Even enforcing fidelity through prenups is difficult. Such clauses have been ruled unenforceable in California. While some other states might decide to enforce them, you’re still left with the problem of actually proving infidelity actually occurred.

This isn’t to say that I have a problem with no-fault divorces. If I didn’t support them for helping people leave terrible marriages, I’d support them for ending an embarrassing daily spectacle of perjury. But it is amazing that many governments won’t let consenting adults make more stringent marriage contracts if that’s what they choose. America let people get underwater mortgages that could never be repaid. But it won’t let a pair of adults set harsh penalties for cheating?

Faced with such a dearth of commitment options, what’s an akratic to do? Fail? If you’re religious, this is opening you up to the possibility of eternal damnation. That’s clearly not an option. Fighting for regressive “family values” laws becomes a survival mechanism for anyone caught between their conservative morality and their own predilections.

I know societal punishments aren’t a perfect solution for akrasia. Many people desire not to shoplift, yet shoplift things they don’t need anyway, despite all the penalties. Beeminder isn’t a perfect solution either. Some people lie. Some people give up. But it helps some people. It helped me.

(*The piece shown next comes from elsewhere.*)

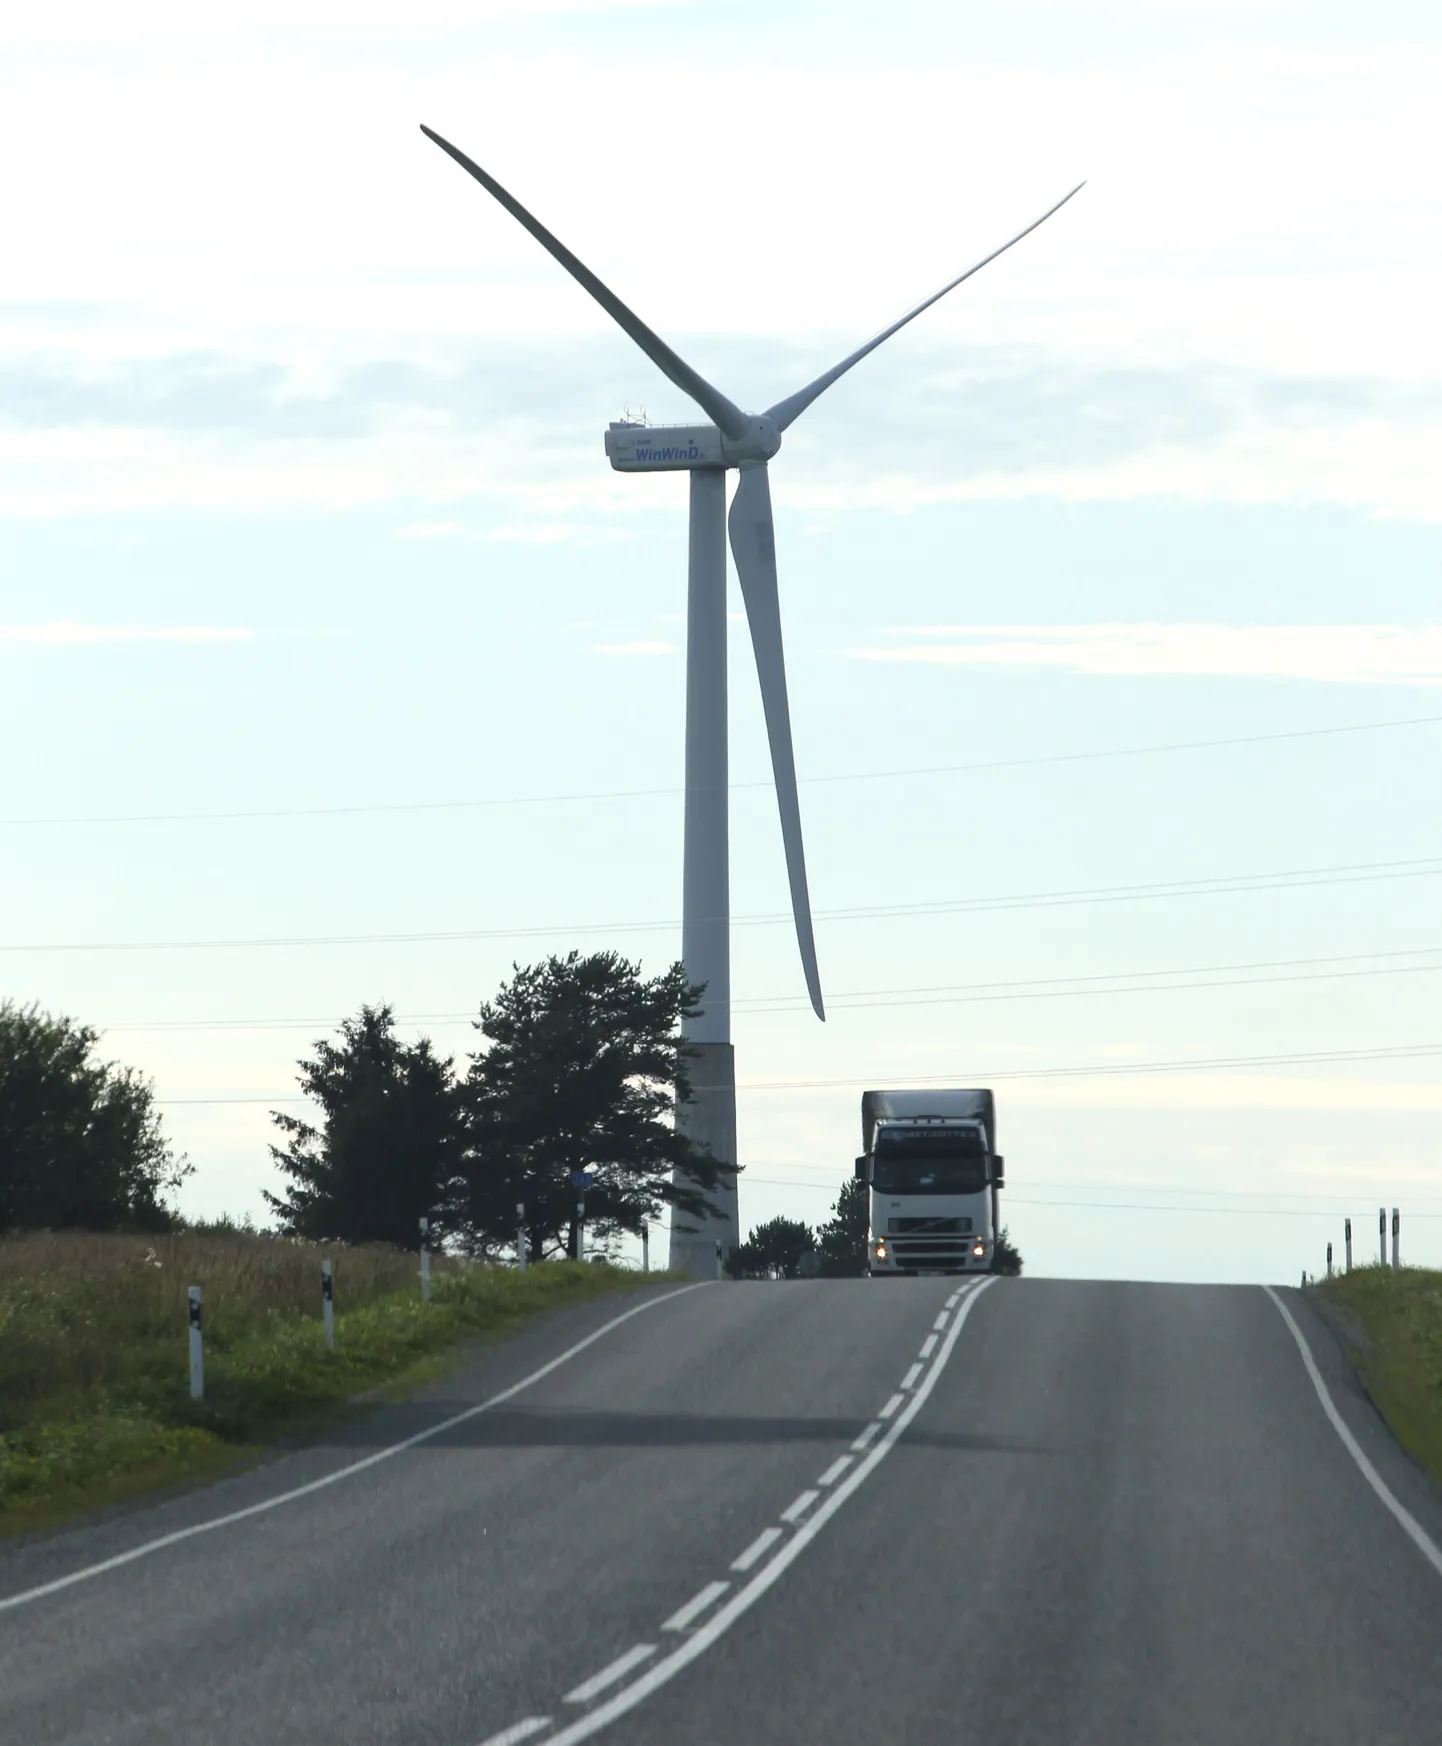 Hiinlased tahavad Eestis investeerida eelkõige puidupelletite ja tuuleenergia seadmete tootmisse.

For some people, societal punishments are the only thing that will work. In a push to liberalize everything about society, liberals really have backed some people into a corner. It wouldn’t be that hard to let them out. Make cheating clauses in prenups enforceable and allow them to include punitive damages. Allow couples to set arduous conditions on their own divorce. Listen to what people want and see if there are ways that we can give it to them and only them.

I can see the obvious objections to this plan. It might sweep up young romantics, still indoctrinated by their parents and ruin their lives. Some (from the liberal point of view) bad contracts could become so common that everyone faces strong social pressure to make them. But these are both issues that can be addressed through legislature, perhaps by requiring a judge to certify adequate maturity and understanding of the contract (to address the first concern) and forbidding preferential treatment from institutions or businesses based on marriage (or other salient contract) type (to address the second).

There are some things that liberals and social conservatives will probably never be able to compromise on. Gay marriage, trans rights, and abortion… these should be our non-negotiable demands. What makes these our red lines is the realization that we must allow individuals to make their own choices (and not deny them any benefits that people who make other choices receive). The cornerstones of social liberalism are a celebration of authenticity and an openness to the freely made personal choices of others, even when we disagree with them. Even when we think they’re nonsensical. Even when we think they’ll bring only grief.

It’s the authoritarian who seeks to make their choices the choices of everyone. Too often that authoritarian is the social conservative. Allowing them to sanction themselves won’t end that. Too many are motivated by self-righteousness or a belief that what works for them must necessarily work for everyone else. We can’t fix that. But we sure as hell can be better than it.